## DATASET SECTION
══════════════════════════════
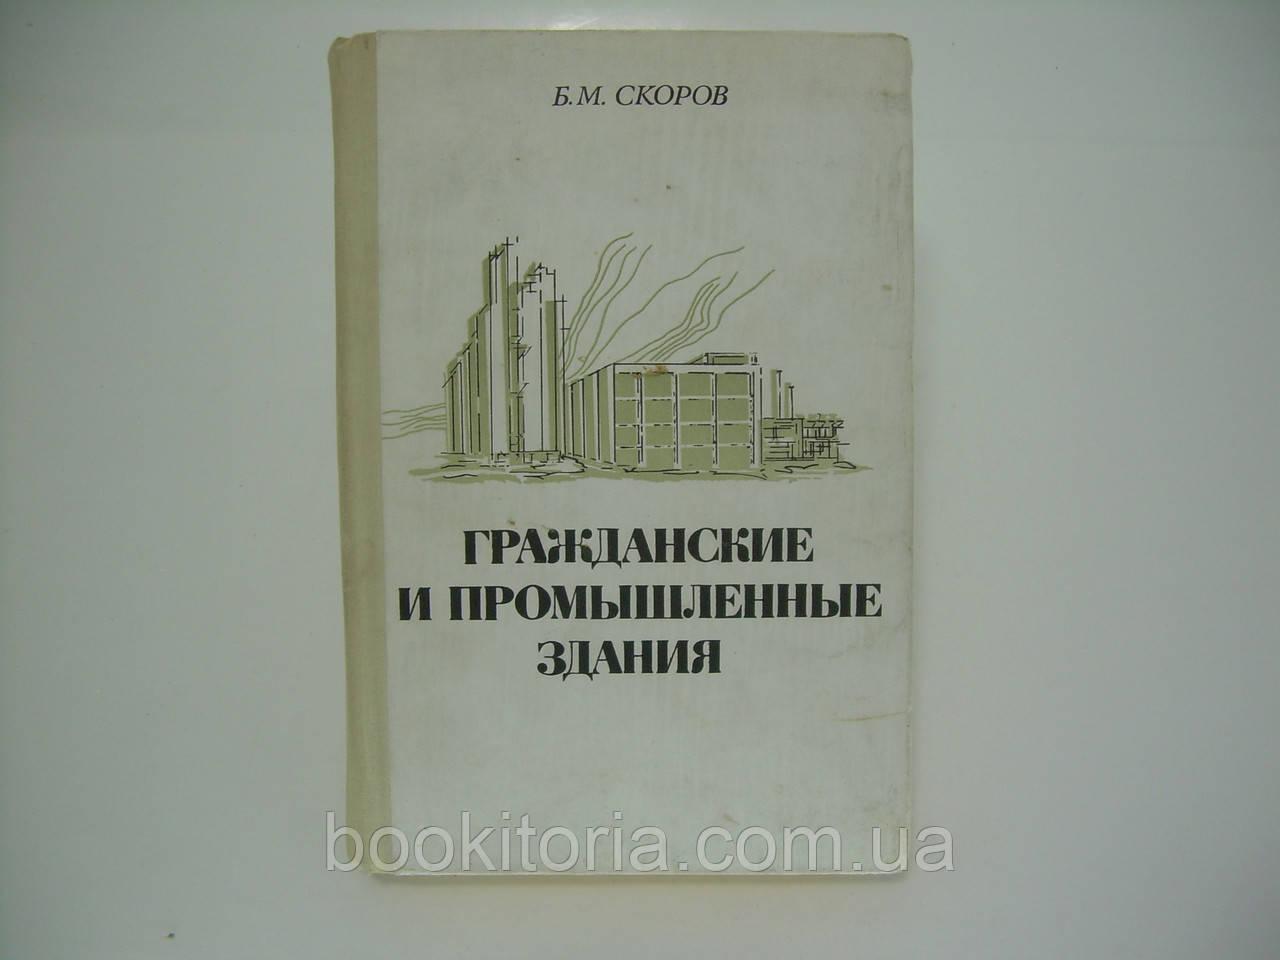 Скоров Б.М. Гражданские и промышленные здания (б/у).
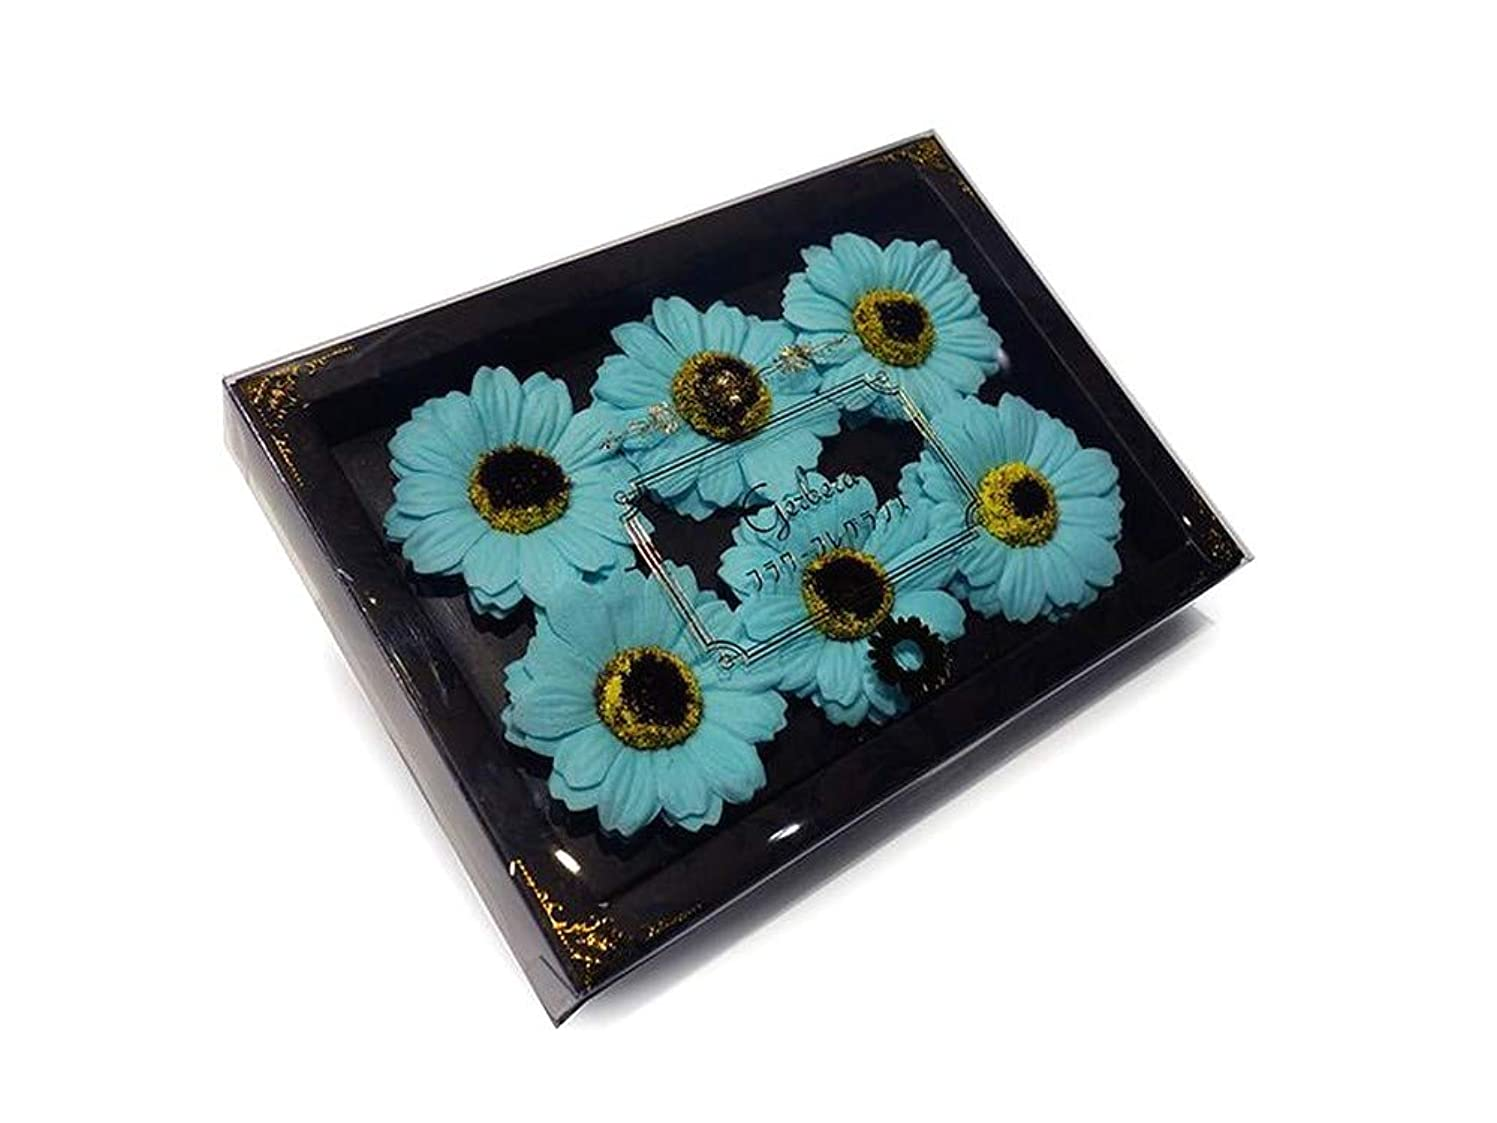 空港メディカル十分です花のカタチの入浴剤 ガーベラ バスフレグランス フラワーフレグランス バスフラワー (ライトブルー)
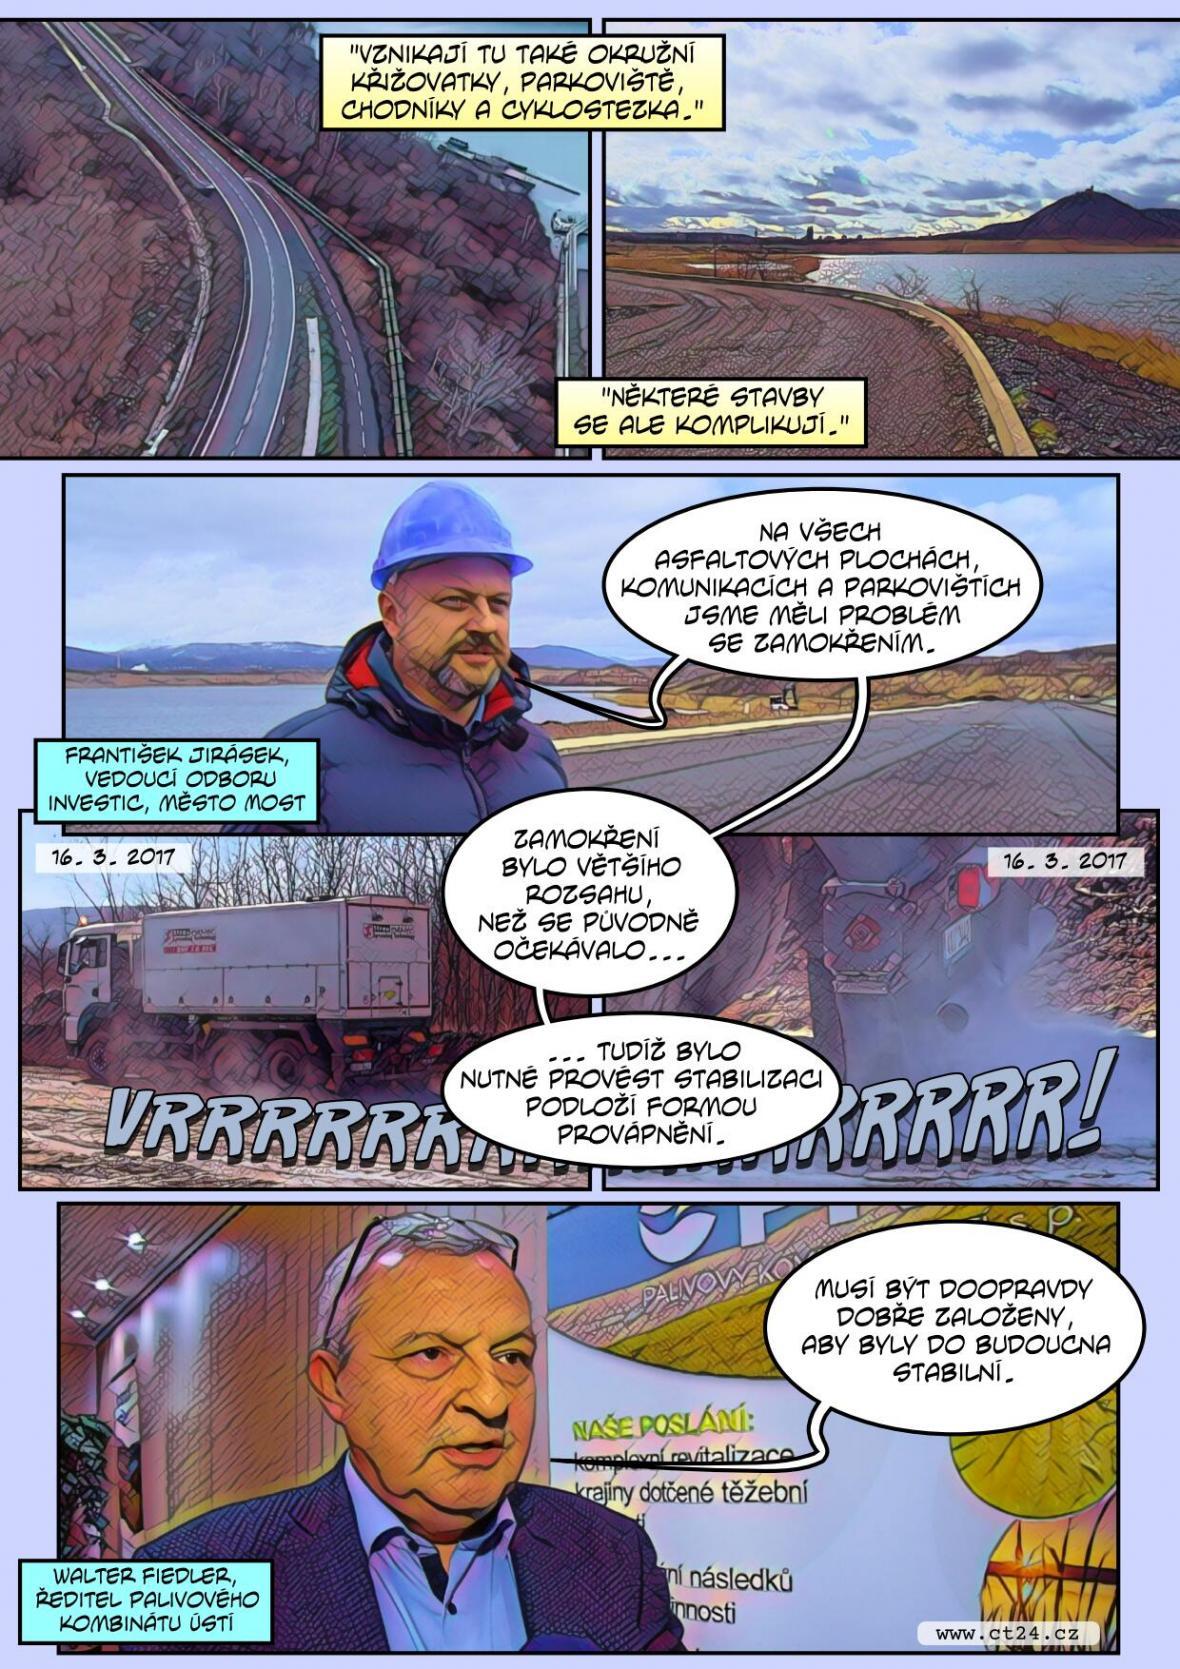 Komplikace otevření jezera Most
══════════════════════════════
## WHAT IS REQUIRED
The lines above should be transcribed exactly, with every image removed.

## EXERCISE OUTPUT
 Скоров Б.М. Гражданские и промышленные здания (б/у).
 空港メディカル十分です花のカタチの入浴剤 ガーベラ バスフレグランス フラワーフレグランス バスフラワー (ライトブルー)
 Komplikace otevření jezera Most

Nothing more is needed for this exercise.